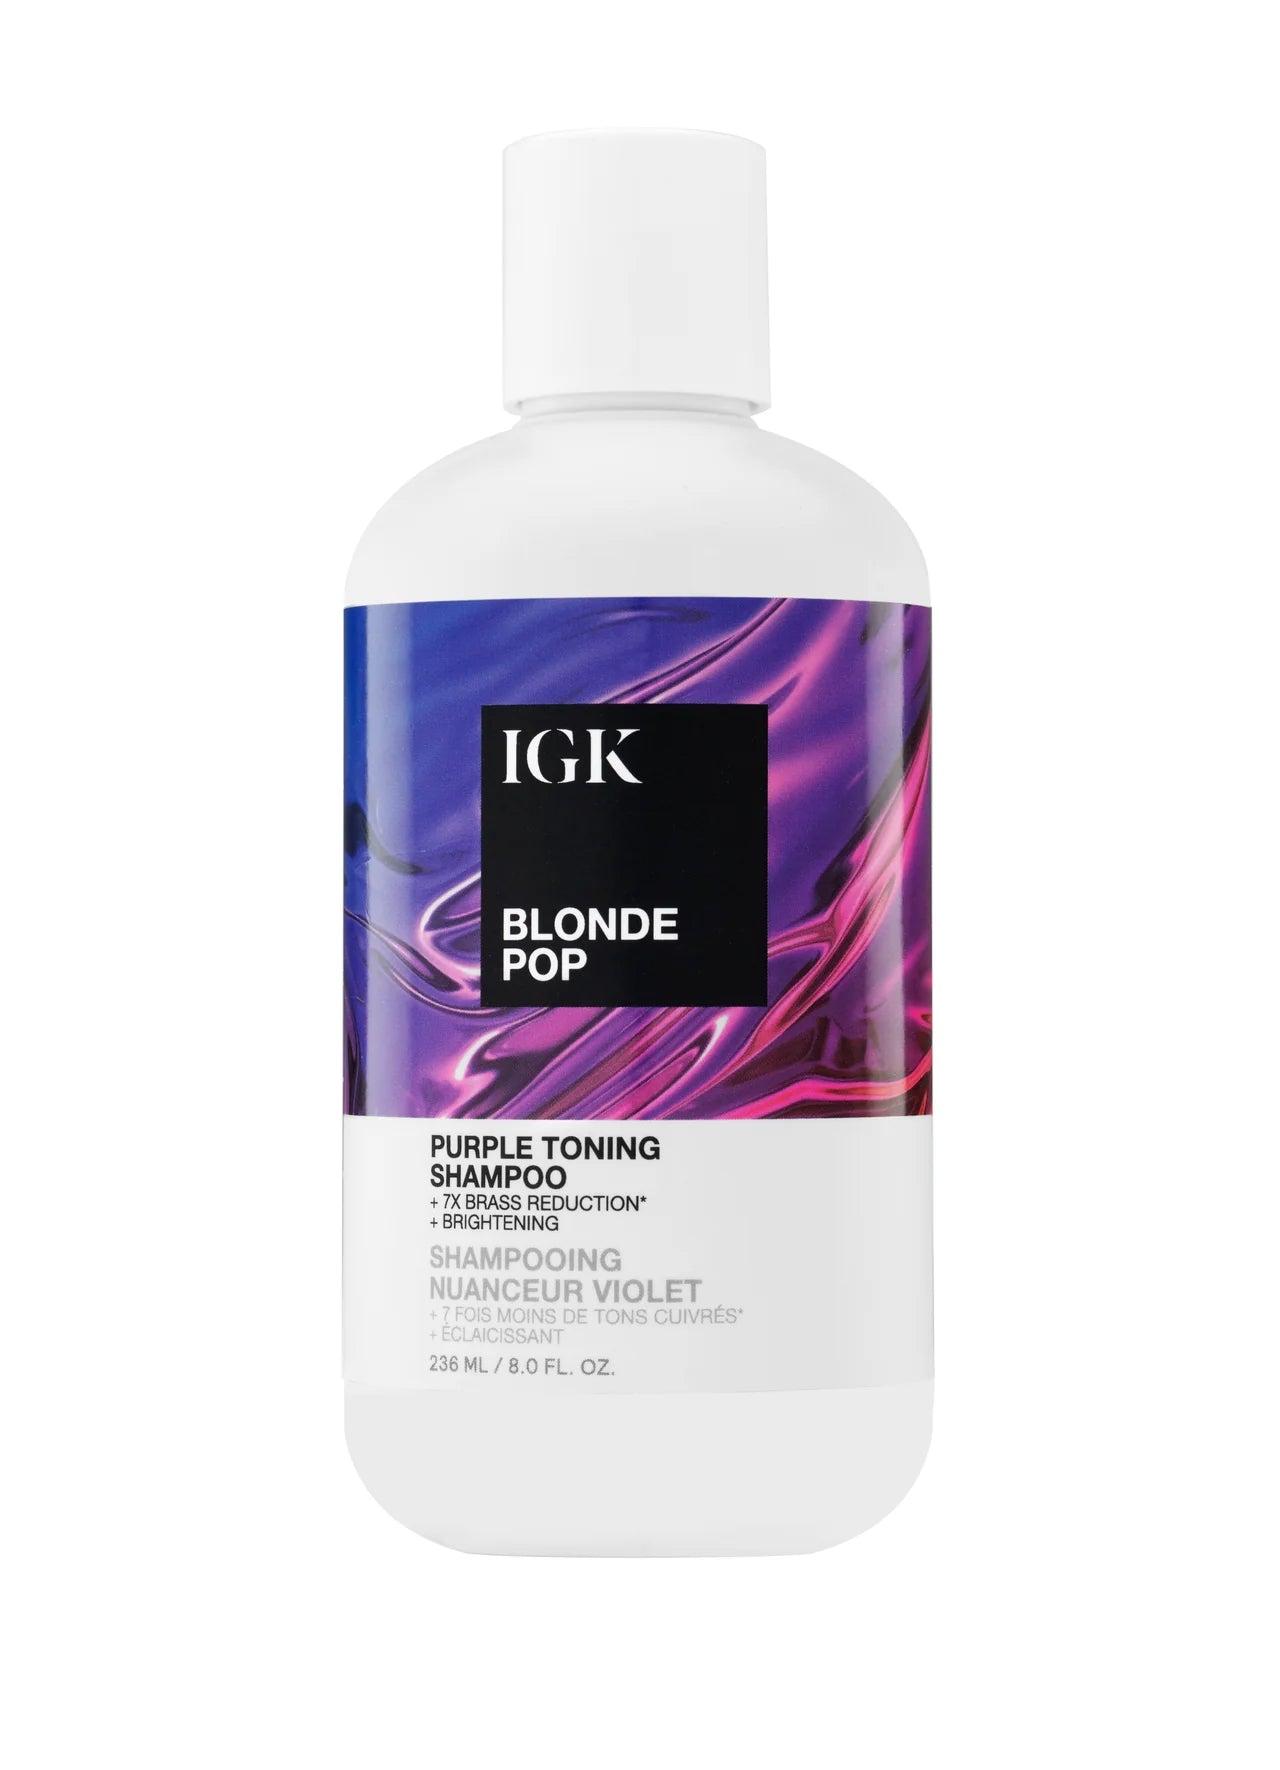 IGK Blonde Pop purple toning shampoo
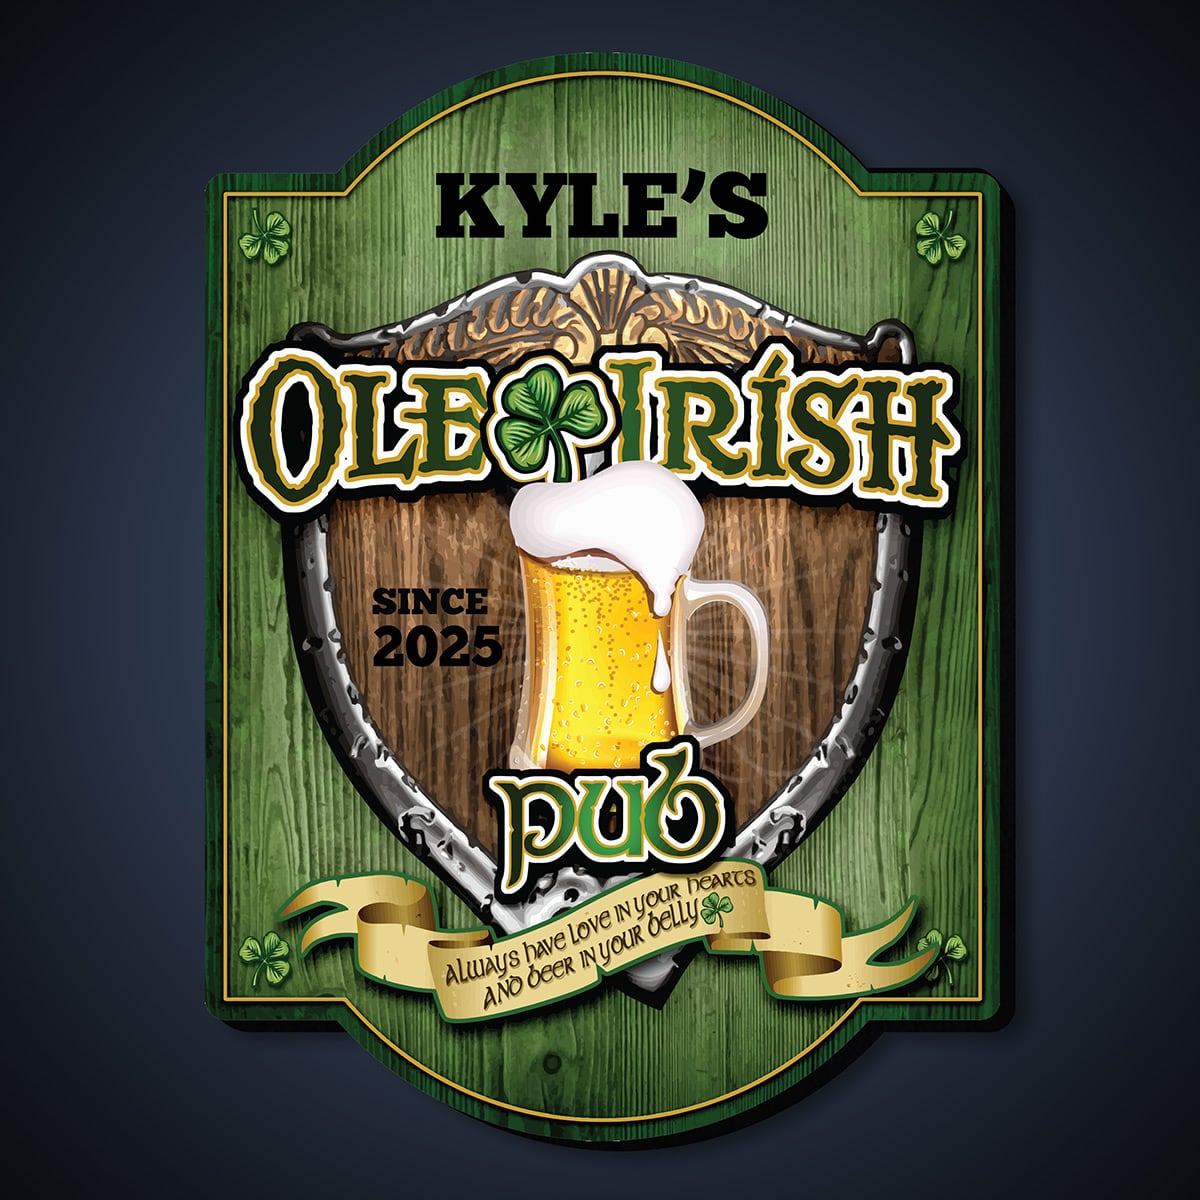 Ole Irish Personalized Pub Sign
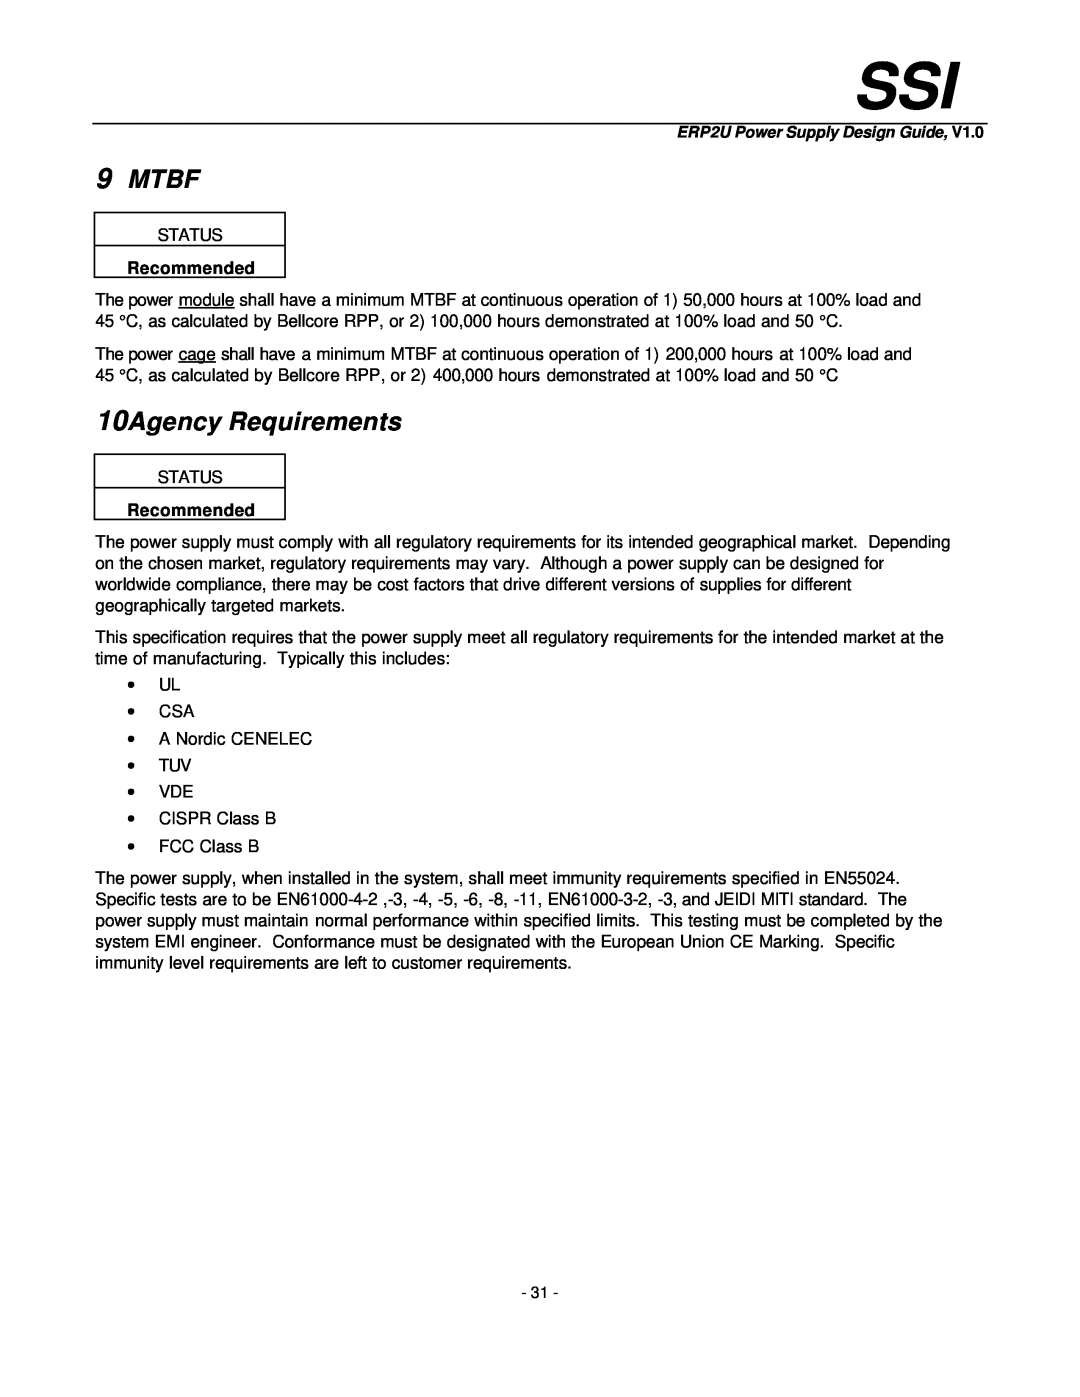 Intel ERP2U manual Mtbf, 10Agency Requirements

### TASK OBJECTIVE:
Reproduce, exactly and with no pictures, the lines from the line containing "Ole Irish Personalized Pub Sign" through the closing line of the data above, keeping both ends.

### TASK ANSWER:
 Ole Irish Personalized Pub Sign
 Intel ERP2U manual Mtbf, 10Agency Requirements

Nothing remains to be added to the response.